Loading Data into a DataFrame Using a Type Parameter

If the structure of your data maps to a class in your application, you can specify a type parameter when loading into a DataFrame.

Specify the application class as the type parameter in the load call. The load infers the schema from the class.

The following example creates a DataFrame with a Person schema by passing the Person class as the type parameter in the load call:

import org.apache.spark.sql.SparkSession
import com.mapr.db.spark.sql._ 

case class Address(Pin: Integer, street: String, city: String)
          
          case class Person(_id: String, 
          First_name: String,
          last_name: String, 
          Address: Address,
          Interests: Seq[String])
          
val df = sparkSession.loadFromMapRDB[Person]("/tmp/user_profiles")
import com.mapr.db.spark.sql.api.java.MapRDBJavaSession;
import org.apache.spark.sql.SparkSession;
          
public static class Address implements Serializable {
     private Integer pin;
     private String street;
     private String city;
     
     public Integer getPin() { return pin; }
     public void setPin(Integer pin) { this.pin = pin; }
     public String getStreet() { return street; }
     public void setStreet(String street) { this.street = street; }
     public String getCity() { return city; }
     public void setCity(String city) { this.city = city; }
}
public static class Person implements Serializable {
     private String _id;
     private String firstName;
     private String lastName;
     private Date dob;
     private Seq<String> interests;
     
     public String get_id() { return _id; }
     public void set_id(String _id) { this._id = _id; }
     public String getFirstName() { return firstName; }
     public void setFirstName(String firstName) { this.firstName = firstName; }
     public String getLastName() { return lastName; }
     public void setLastName(String lastName) { this.lastName = lastName; }
     public Date getDob() { return dob; }
     public void setDob(Date dob) { this.dob = dob; }
     public Seq<String> getInterests() { return interests; }
     public void setInterests(Seq<String> interests) { this.interests = interests; }
}
MapRDBJavaSession maprSession = new MapRDBJavaSession(sparkSession);
Dataset<Row> df = maprSession.loadFromMapRDB(tableName, Person.class); 

You must invoke the loadFromMapRDB method on a SparkSession or MapRDBJavaSession object.
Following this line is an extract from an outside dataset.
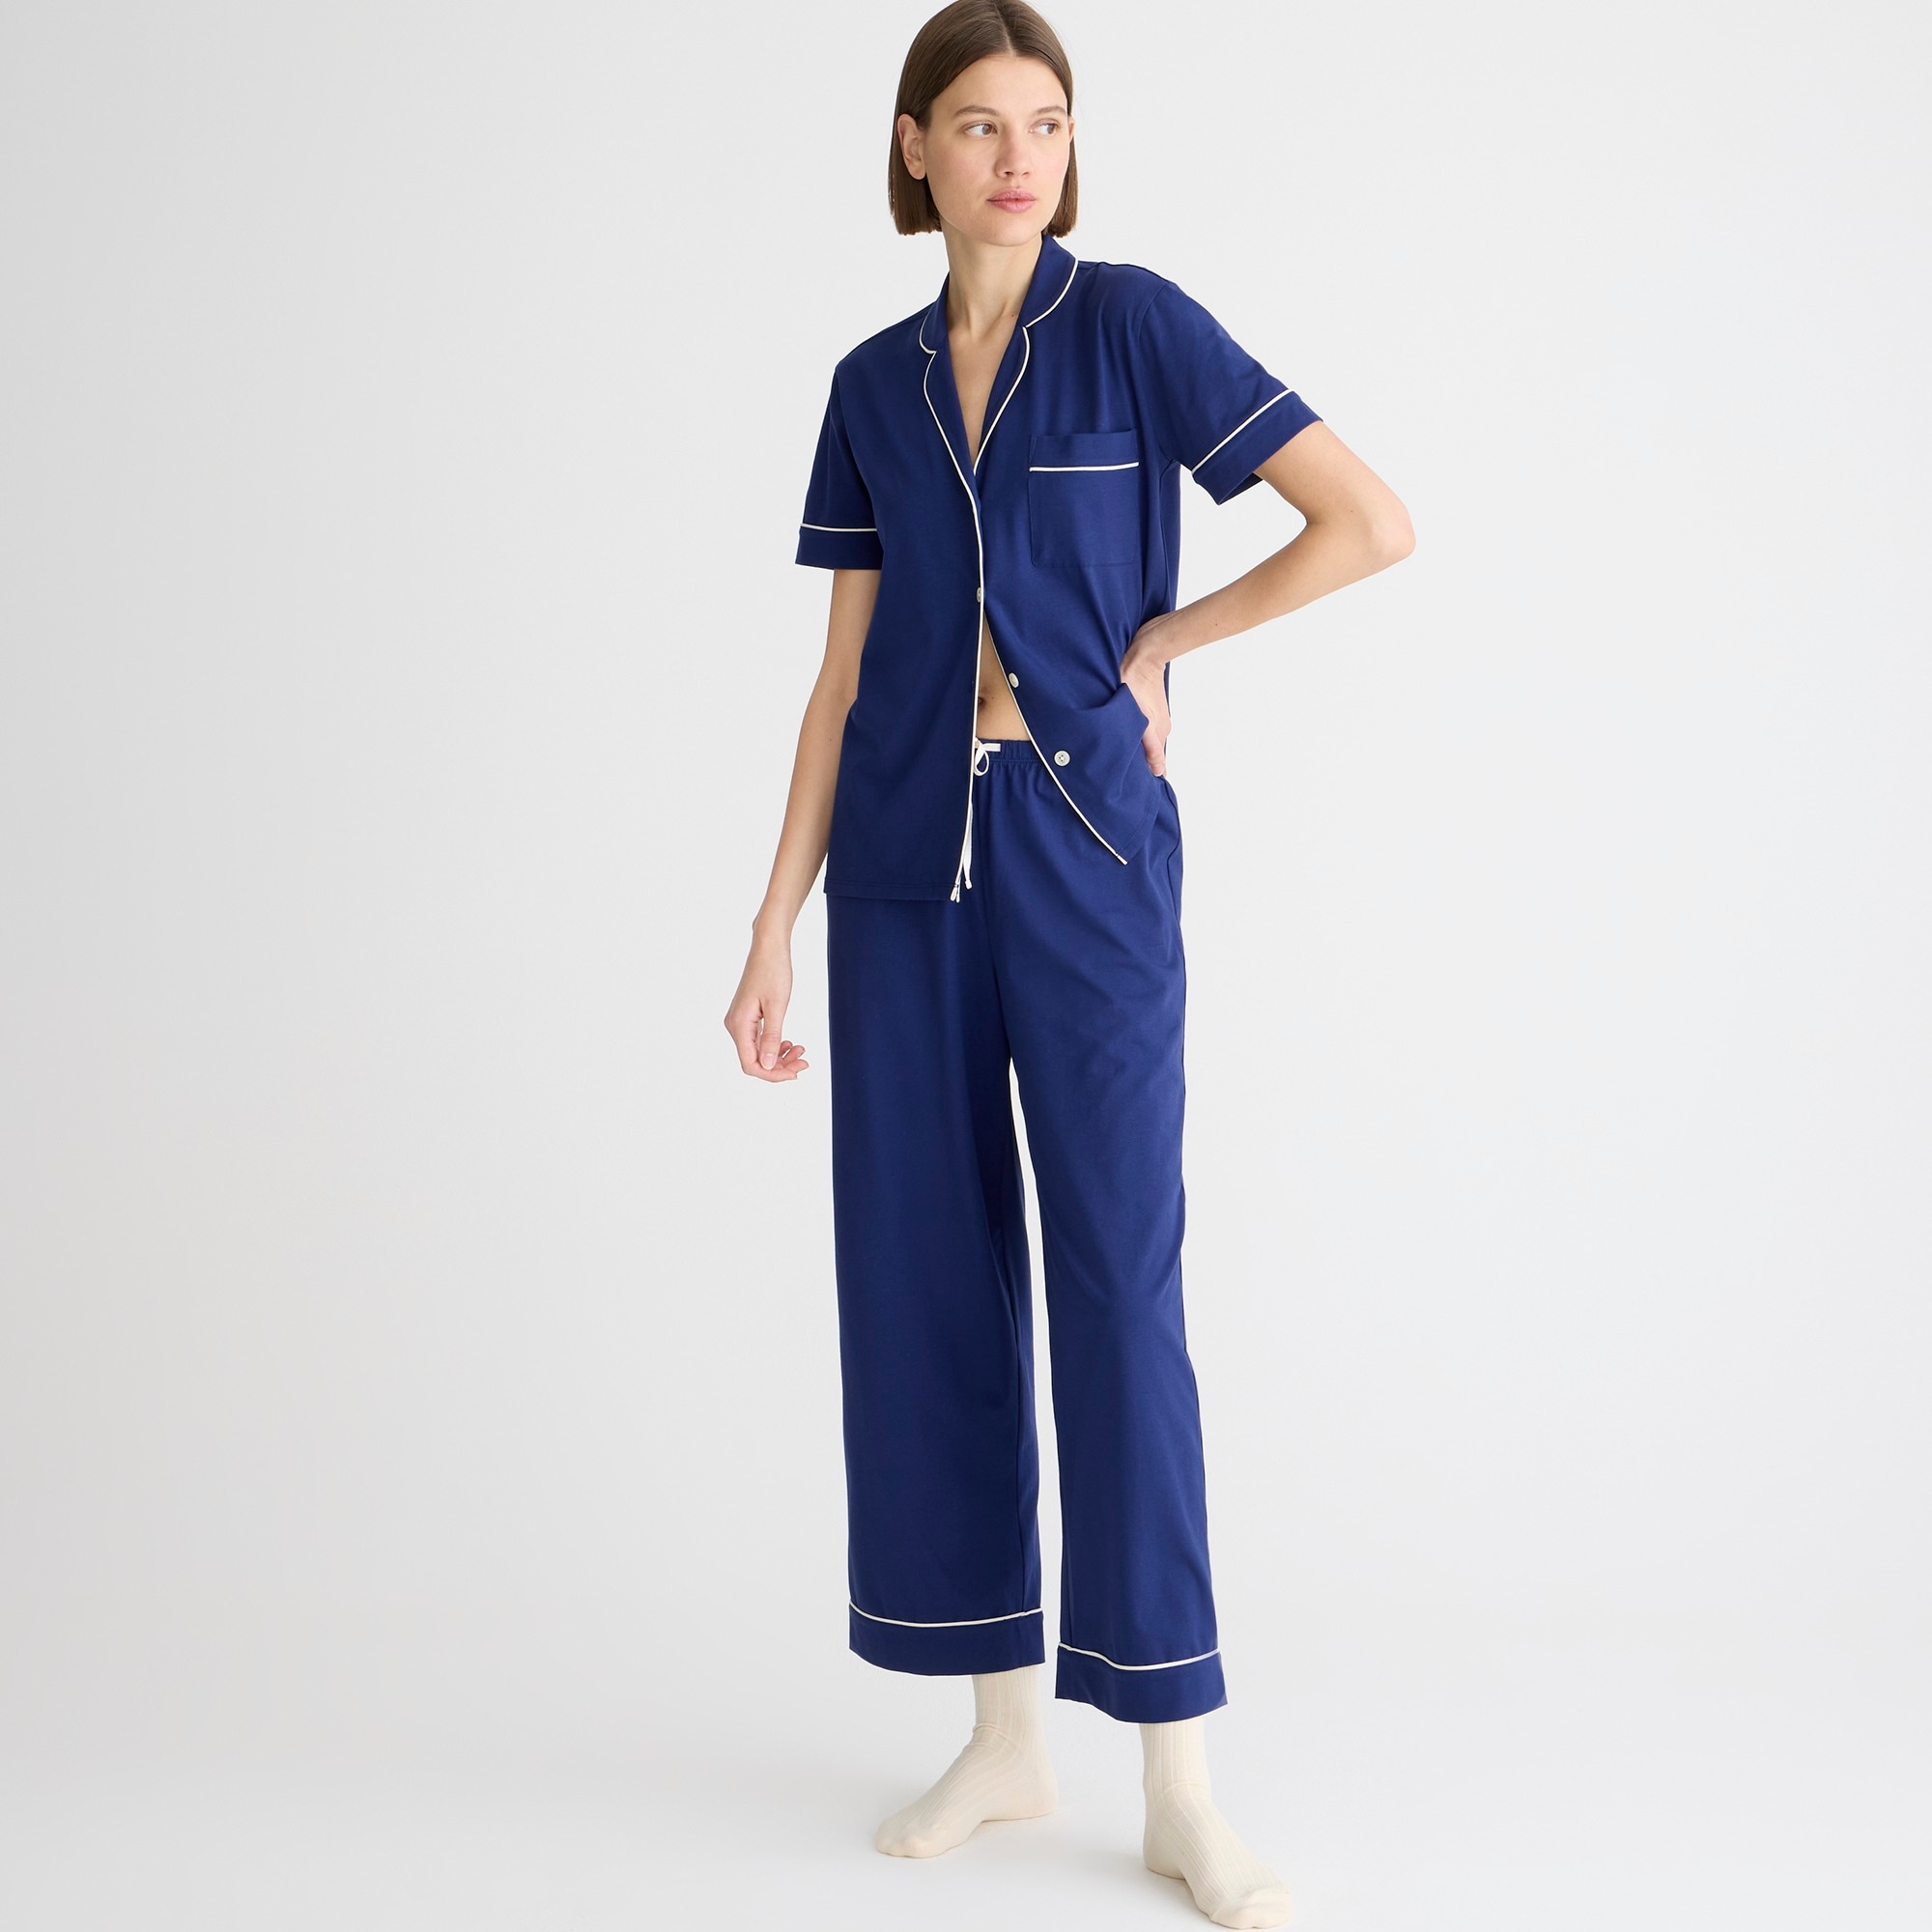 Jcrew Short-sleeve pajama pant set in dreamy cotton-blend

All fields in an application bean class are nullable by default. The only circumstance in which the load returns an InvalidSchema exception is if the MapR-DB table contains fields not included in the bean class.

The resulting schema of the object is as follows:

df.printSchema()
 ----------------------------------
 root
 |-- _id: String (nullable = true)
 |-- first_name: String (nullable = true)
 |-- last_name: String (nullable = true) 
 |-- address: Struct (nullable = true)
 |    |-- Pin: integer (nullable = true)
 |    |-- street: string (nullable = true)
 |    |-- city: string (nullable = true)
 |-- interests: array (nullable = true)
 |    |-- element: string (containsNull = true)